We provide the implementation of a novel algorithm, under the folder OptimalMis.

Full install (tested on Dynamite)

conda env create -f environment.yml
pip install requirements.txt --no-cache-dir
pip install -e .

Usage

The scripts accept a large number of optional command-line arguments. Typical usage is:

python3 run.py --env [env name] --seed [random seed] --max_iters [iters number] --policy [linear] --policy_init [zeros] --variance_init [variance value] --shift_return [True | False] --constant_step_size [step size value] --inner [inner ites] --capacity [capacity] --max_offline_iters [offline iters] --penalization [True | False] --delta [delta value]

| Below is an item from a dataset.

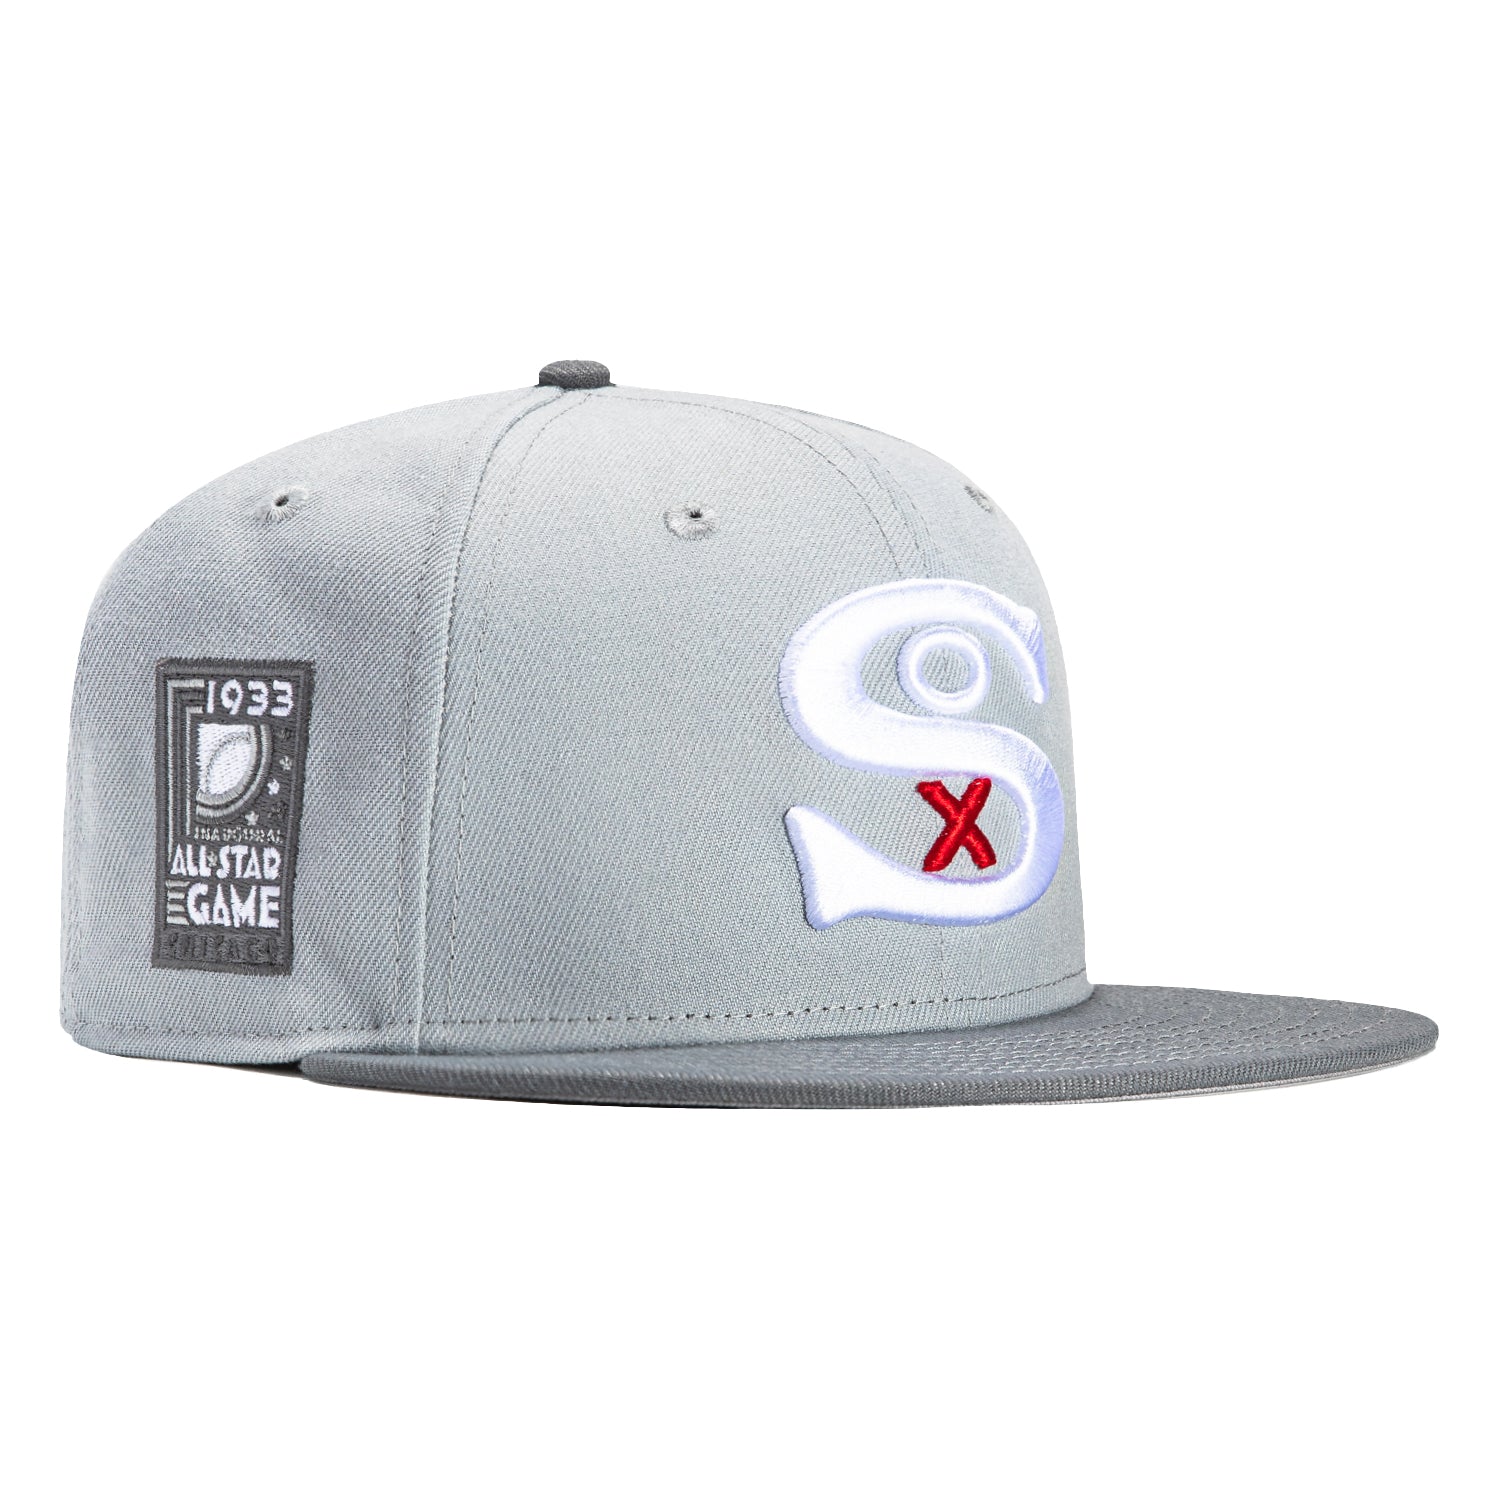 New Era 59Fifty Chicago White Sox 1933 All Star Game Patch Hat - Grey, – Hat  Club

For example, to run a PO2PE experiment on the cartpole environment:

python3 baselines/optimalMis/run.py --env rllab.cartpole --seed 0 --max_iters 500 --policy 'linear' --policy_init 'zeros' --capacity 1 --inner 1  --variance_init -1 --constant_step_size 1 --max_offline_iters 10 --penalization True --delta 0.75

To compare the previous results with POIS:

python3 baselines/pois/run.py --env rllab.cartpole --seed 0 --max_iters 500 --policy 'linear' --policy_init 'zeros' --variance_init -1 --delta 0.4

To compare the previous results with TRPO:

python3 baselines/trpo_mpi/run.py --env rllab.cartpole --seed 0 --num_episodes 100 --max_iters 500 --policy 'linear' --policy_init 'zeros' --variance_init -1 --max_kl 0.01

The results are saved in csv and tensorboard formats under the ./logs directory.